> TASK BRIEF:
Reproduce each line of the material exactly, minus any picture.

> PROVIDED MATERIAL:
******
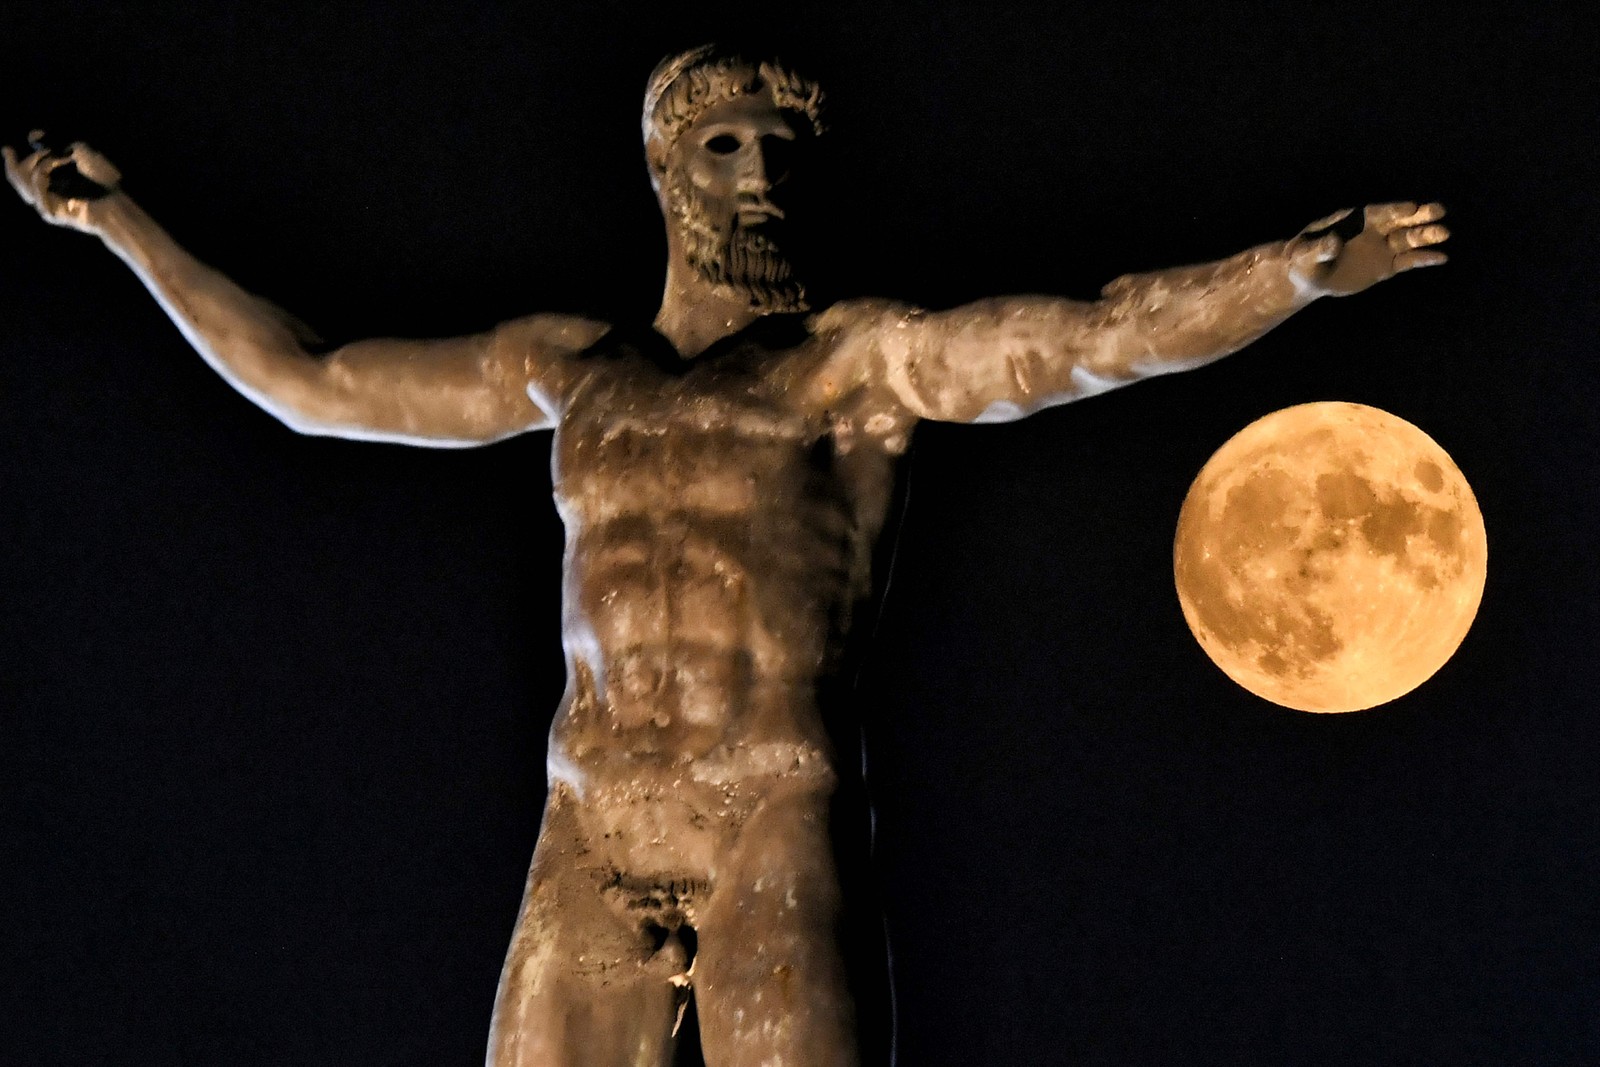 Lua cheia é fotografada próximo ao braço da estátua do antigo deus grego Poseidon, na antiga Corinto, perto de Atenas  — Foto: VALERIE GACHE / AFP
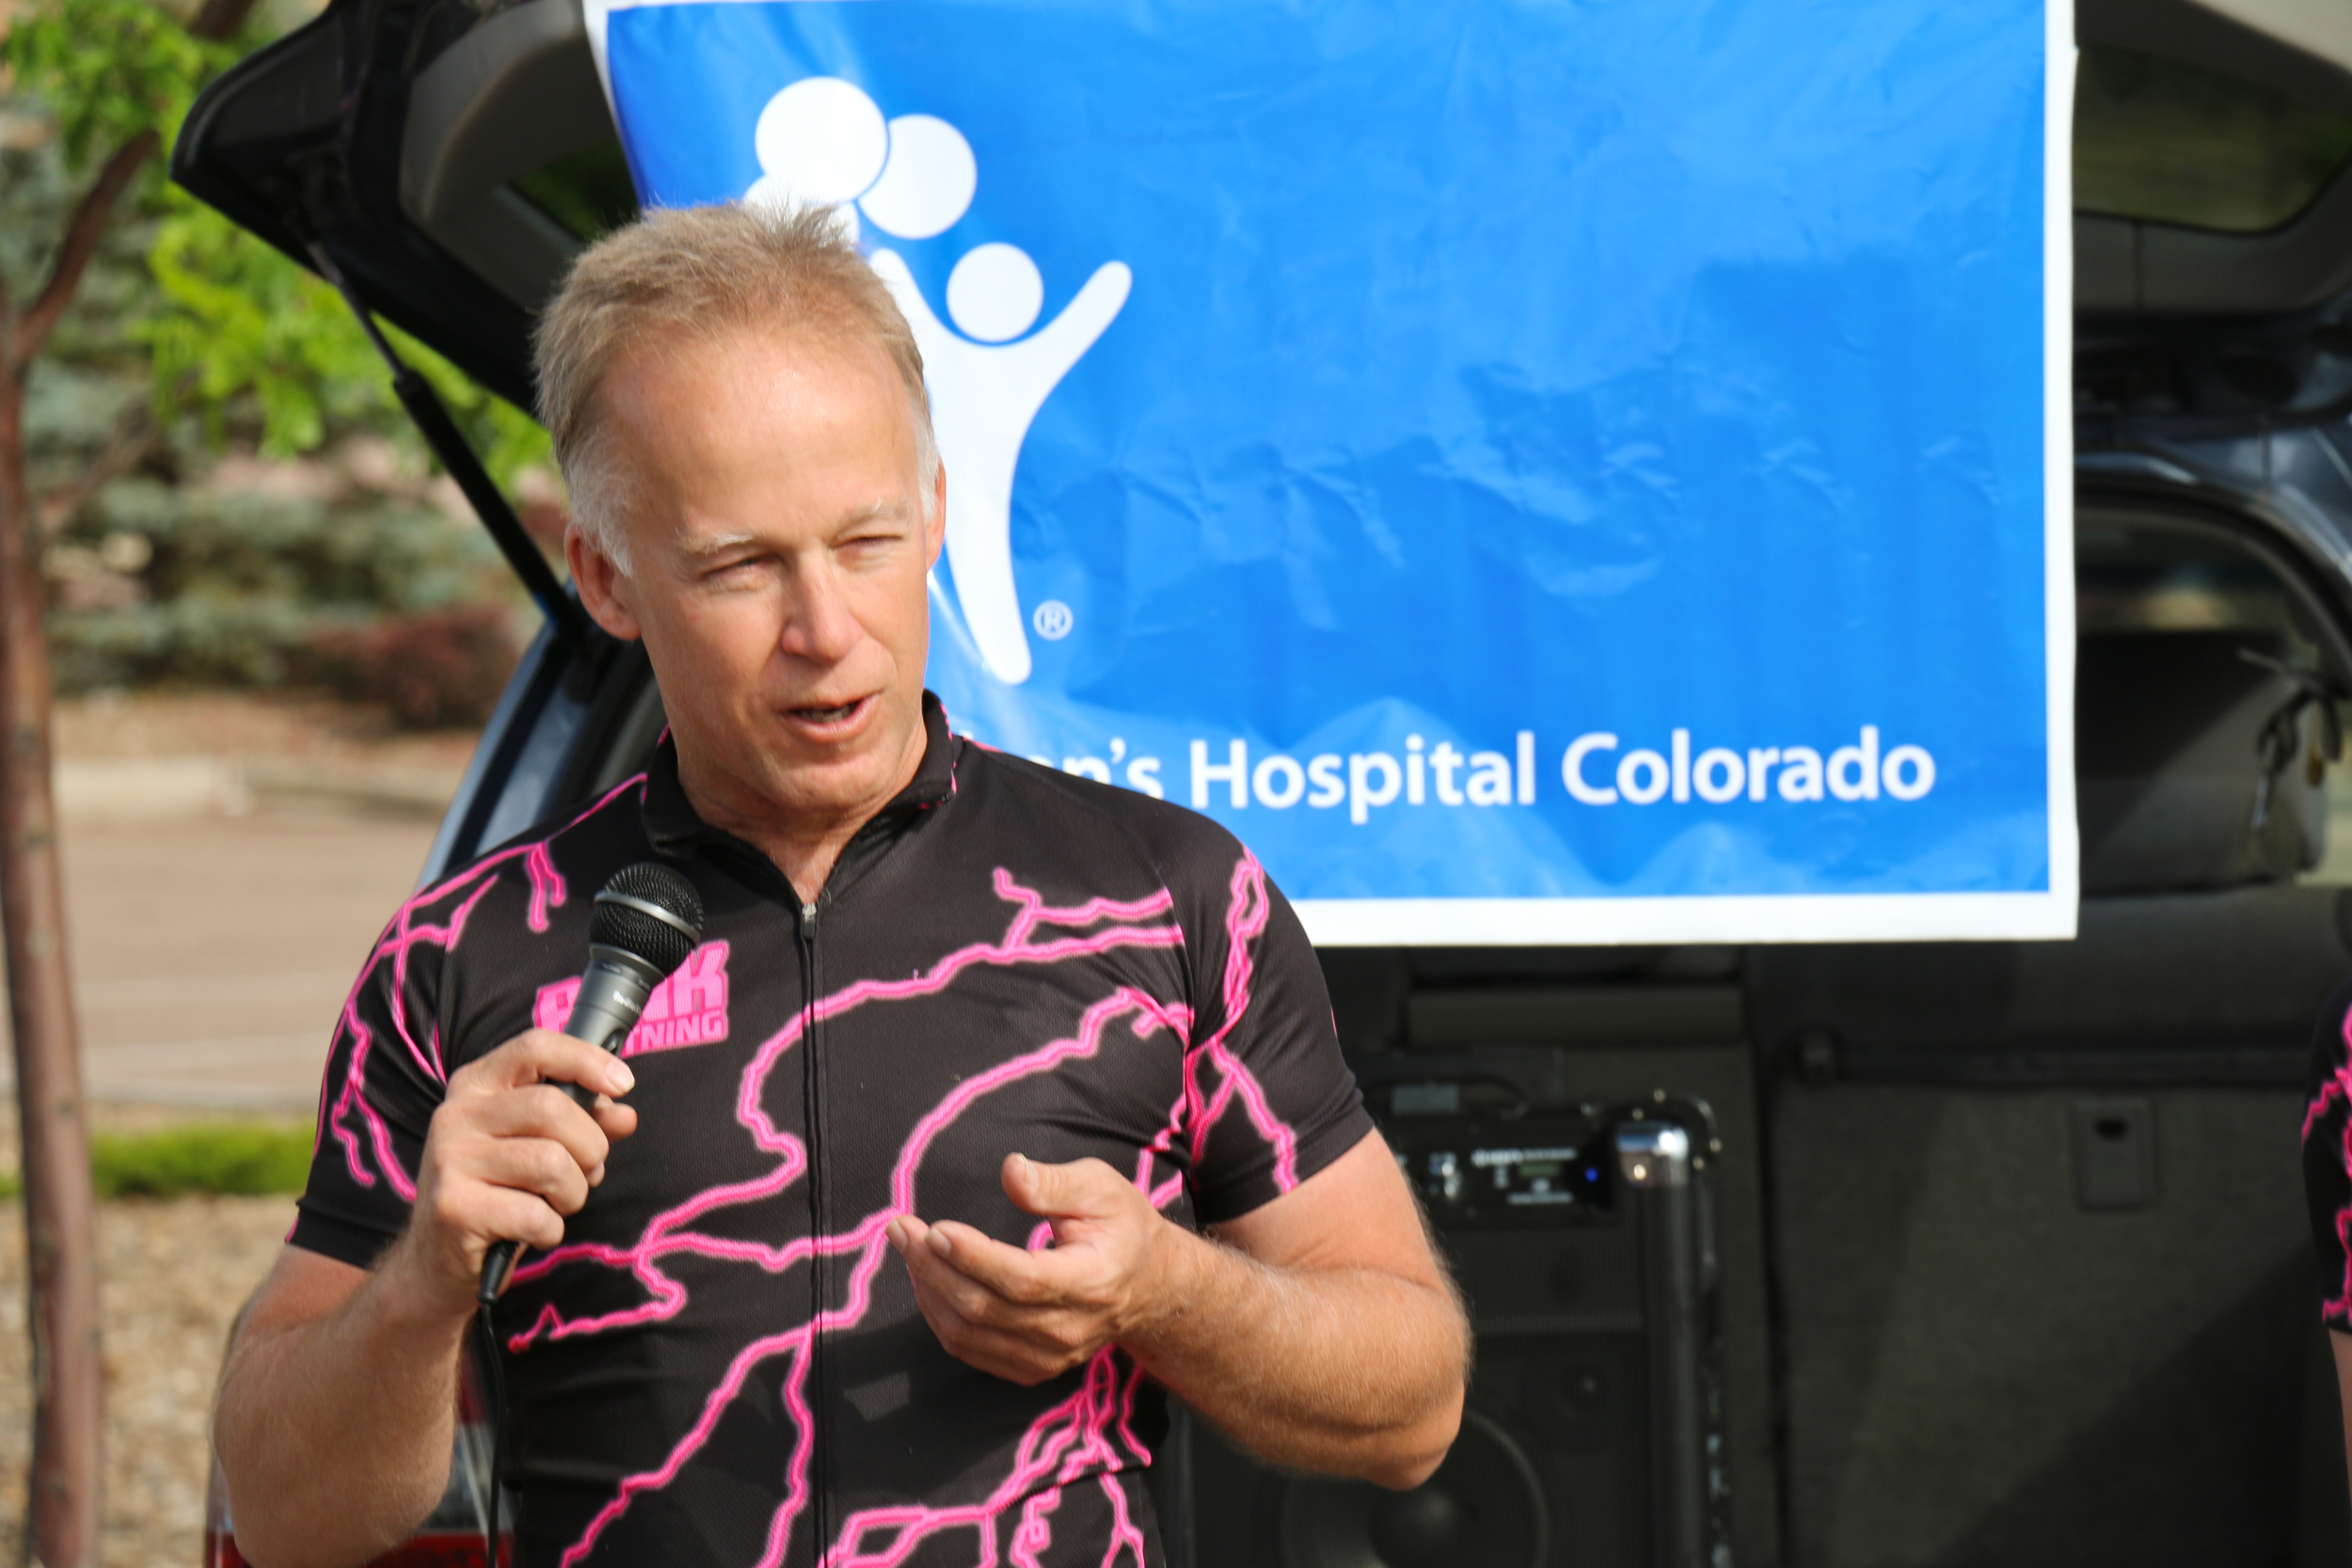 Steve thanks Children’s Hospital Colorado
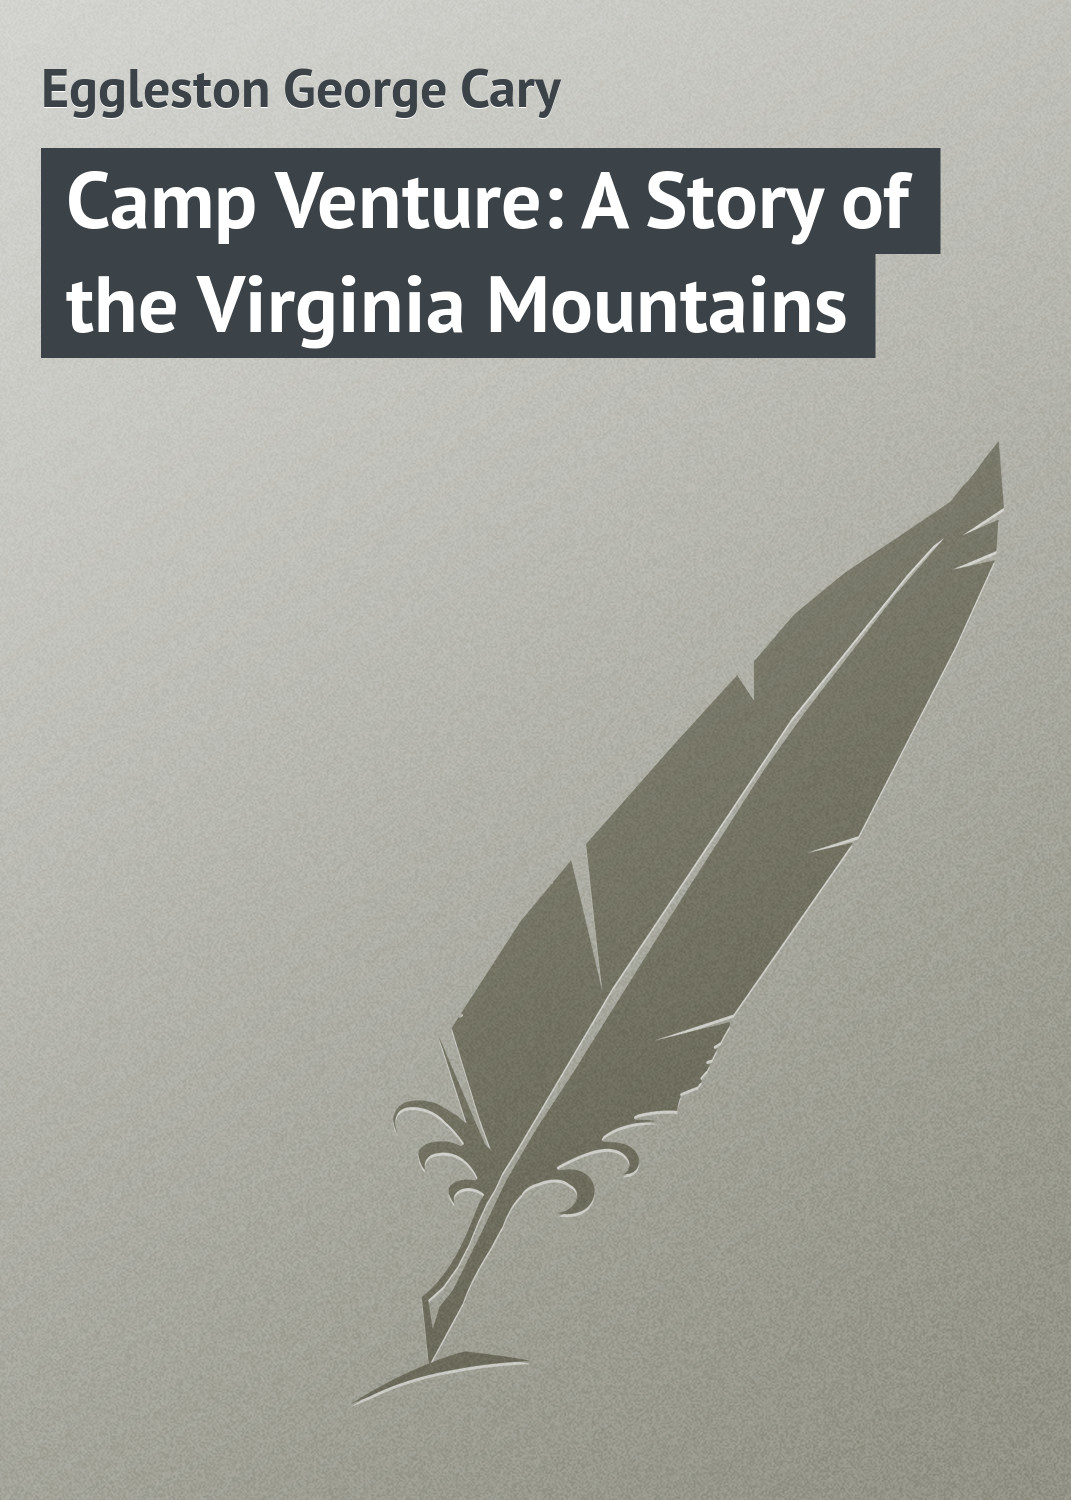 Книга Camp Venture: A Story of the Virginia Mountains из серии , созданная George Eggleston, может относится к жанру Зарубежная классика, Зарубежные детские книги. Стоимость электронной книги Camp Venture: A Story of the Virginia Mountains с идентификатором 23148187 составляет 5.99 руб.
******
> THE ANSWER:
 Lua cheia é fotografada próximo ao braço da estátua do antigo deus grego Poseidon, na antiga Corinto, perto de Atenas  — Foto: VALERIE GACHE / AFP
 Steve thanks Children’s Hospital Colorado
 Книга Camp Venture: A Story of the Virginia Mountains из серии , созданная George Eggleston, может относится к жанру Зарубежная классика, Зарубежные детские книги. Стоимость электронной книги Camp Venture: A Story of the Virginia Mountains с идентификатором 23148187 составляет 5.99 руб.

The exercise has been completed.